BEGIN Data

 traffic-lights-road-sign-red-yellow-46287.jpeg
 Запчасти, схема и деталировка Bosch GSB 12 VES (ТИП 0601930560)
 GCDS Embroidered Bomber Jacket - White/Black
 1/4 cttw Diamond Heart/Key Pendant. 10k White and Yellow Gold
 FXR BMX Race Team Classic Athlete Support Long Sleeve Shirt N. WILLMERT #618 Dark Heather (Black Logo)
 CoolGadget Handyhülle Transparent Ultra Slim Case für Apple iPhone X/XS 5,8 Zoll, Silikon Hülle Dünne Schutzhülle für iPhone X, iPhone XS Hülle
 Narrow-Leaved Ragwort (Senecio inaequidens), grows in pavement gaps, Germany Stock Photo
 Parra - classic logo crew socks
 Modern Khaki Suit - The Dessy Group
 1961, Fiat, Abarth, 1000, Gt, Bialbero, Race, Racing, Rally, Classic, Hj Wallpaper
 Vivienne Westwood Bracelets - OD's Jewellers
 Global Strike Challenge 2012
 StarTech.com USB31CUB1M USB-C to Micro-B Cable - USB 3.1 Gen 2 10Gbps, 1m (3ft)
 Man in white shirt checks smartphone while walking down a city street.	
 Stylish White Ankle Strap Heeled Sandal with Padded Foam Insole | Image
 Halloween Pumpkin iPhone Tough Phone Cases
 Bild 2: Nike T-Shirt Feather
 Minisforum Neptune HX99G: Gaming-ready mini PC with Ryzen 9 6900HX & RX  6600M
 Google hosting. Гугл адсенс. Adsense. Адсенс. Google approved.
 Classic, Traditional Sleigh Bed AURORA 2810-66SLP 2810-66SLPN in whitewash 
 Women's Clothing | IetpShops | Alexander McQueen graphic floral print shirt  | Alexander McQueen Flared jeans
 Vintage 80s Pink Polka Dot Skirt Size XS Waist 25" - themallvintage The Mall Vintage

END Data

_Exercise requirements_. From the records above, copy out the line with "FXR BMX Race", the line with "Bild 2: Nike T-Shirt Feather", and every line between them, word for word.

_Result of the exercise_.
 FXR BMX Race Team Classic Athlete Support Long Sleeve Shirt N. WILLMERT #618 Dark Heather (Black Logo)
 CoolGadget Handyhülle Transparent Ultra Slim Case für Apple iPhone X/XS 5,8 Zoll, Silikon Hülle Dünne Schutzhülle für iPhone X, iPhone XS Hülle
 Narrow-Leaved Ragwort (Senecio inaequidens), grows in pavement gaps, Germany Stock Photo
 Parra - classic logo crew socks
 Modern Khaki Suit - The Dessy Group
 1961, Fiat, Abarth, 1000, Gt, Bialbero, Race, Racing, Rally, Classic, Hj Wallpaper
 Vivienne Westwood Bracelets - OD's Jewellers
 Global Strike Challenge 2012
 StarTech.com USB31CUB1M USB-C to Micro-B Cable - USB 3.1 Gen 2 10Gbps, 1m (3ft)
 Man in white shirt checks smartphone while walking down a city street.	
 Stylish White Ankle Strap Heeled Sandal with Padded Foam Insole | Image
 Halloween Pumpkin iPhone Tough Phone Cases
 Bild 2: Nike T-Shirt Feather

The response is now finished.